Despite his cosseted childhood, James was intelligent and well-read. He was normal enough to fall in love with a local beauty, but the romance failed. Thereafter, he concentrated on caring for his mother.

Mama had, after all, devoted herself to her son when he was a boy, so, in a way, it was reasonable that James should spend his time attending to her in her declining years. That he was still doing so at the age of 36 is slightly unusual, but trivial in the light of what happened next.

Popular psychology would categorise James as having ``mother issues". They were so deep-seated that, when Mrs Lucas died in 1849, her son seems to have lost the plot completely. Unable to bear the thought of being without her, the 19th-century prototype of Hitchcock's Norman Bates subjected her to a backyard embalming job and kept her at home for three months.

The remains were decently interred after police intervention, and James' career as a hermit began.
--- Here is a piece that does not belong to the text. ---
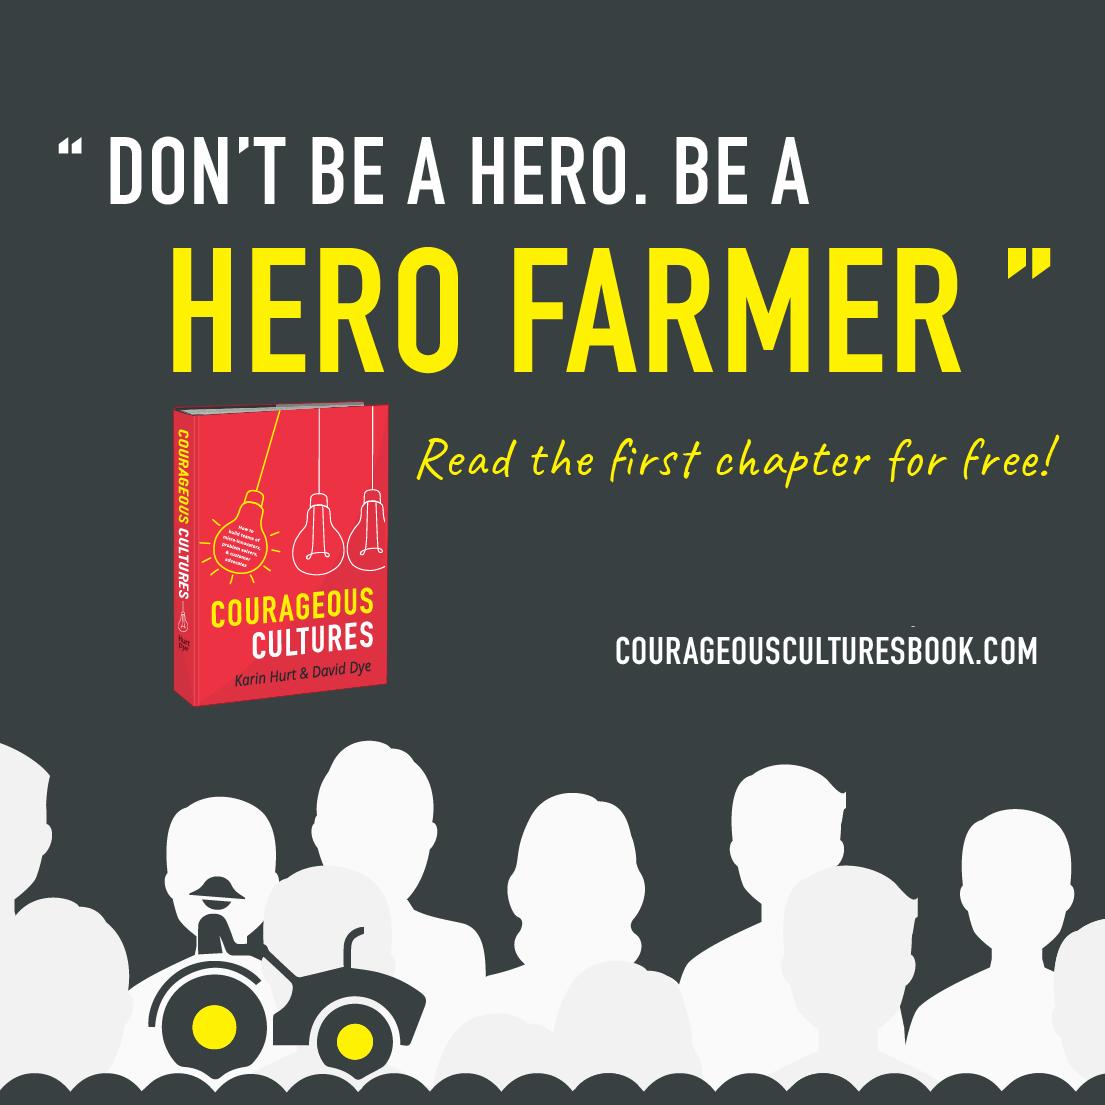 Be a Hero Farmer

He retreated to the kitchen, where he lived for 25 years.

James was quite zealous about the austerity of his new calling. He lived without furniture, and slept on a bed of ashes from the fire he kept burning. In the best hermit tradition, he dispensed with washing and haircuts, and avoided clothing as well. He dressed in nothing but a blanket fastened with a skewer, although he added a touch of refinement by using a bit of broken glass as a monocle.
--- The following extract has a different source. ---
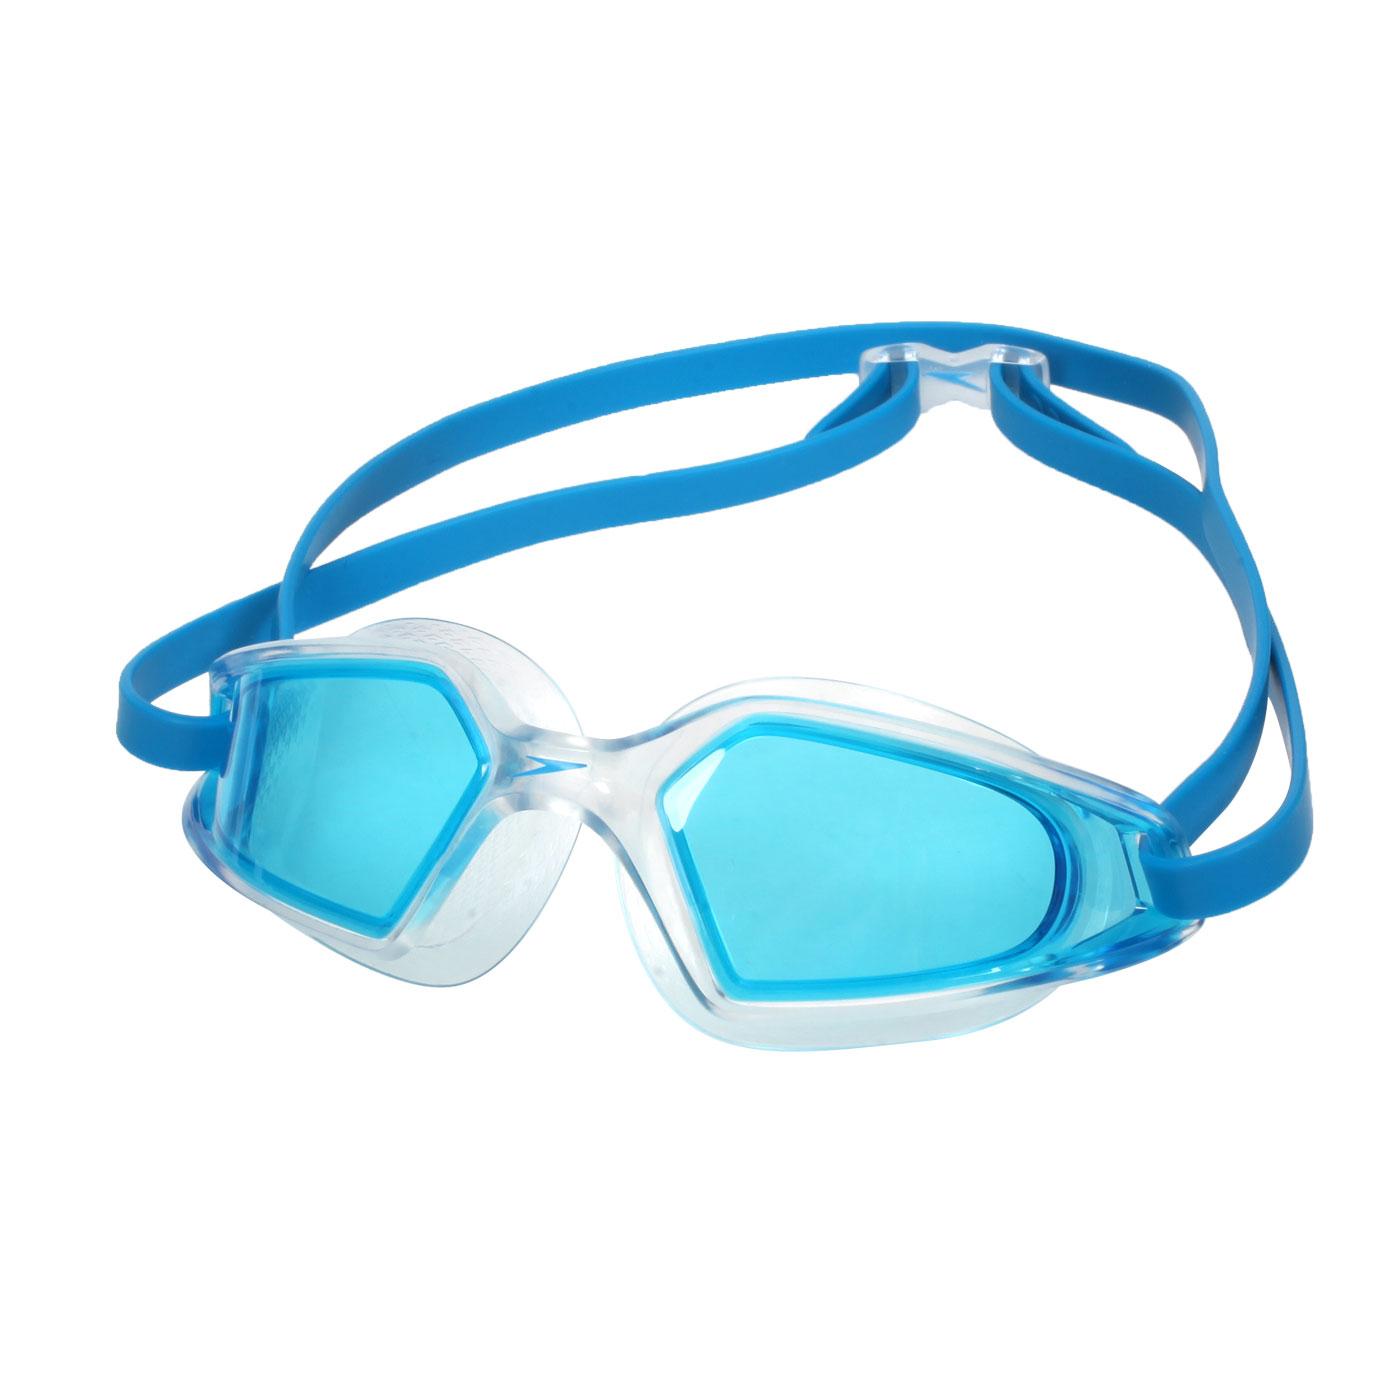 SPEEDO 成人運動泳鏡 Hydropulse SD812268D647

James lived on a diet of bread, eggs, herrings, cheese and gin. He kept sherry on hand for refined visitors, and he received a steady stream of them, as the Hermit of Hertfordshire became something of a celebrity.

Gawpers were discouraged, but he was happy to pass the time through the barred kitchen window with scholars and tramps. Charles Dickens paid a visit, and for some reason portrayed him as an ``obscure nuisance". It is difficult to see just how a man who shut himself in his kitchen could constitute a nuisance. The indigent who called on him certainly didn't think so, as they usually went away with money in their pockets and gin in their bellies.

James' financial charity was dispensed in coins, which were supplied by a monthly standing order with his bankers. He refused to accept paper money, and did not recognise Queen Victoria and her government as legitimate, believing in the Jacobite cause even though it ceased to have any political importance after 1745.

This - as well as living in an empty kitchen and handing out gin to tramps - attracted the attention of the Commissioners of Lunacy. James was examined in 1851, but found to be ``of the most acute intelligence". He was allowed to live on in the kitchen, dispensing gin and charity, until his death from apoplexy in 1879.

By then, 17 cartloads of ash had accumulated in his hermitage.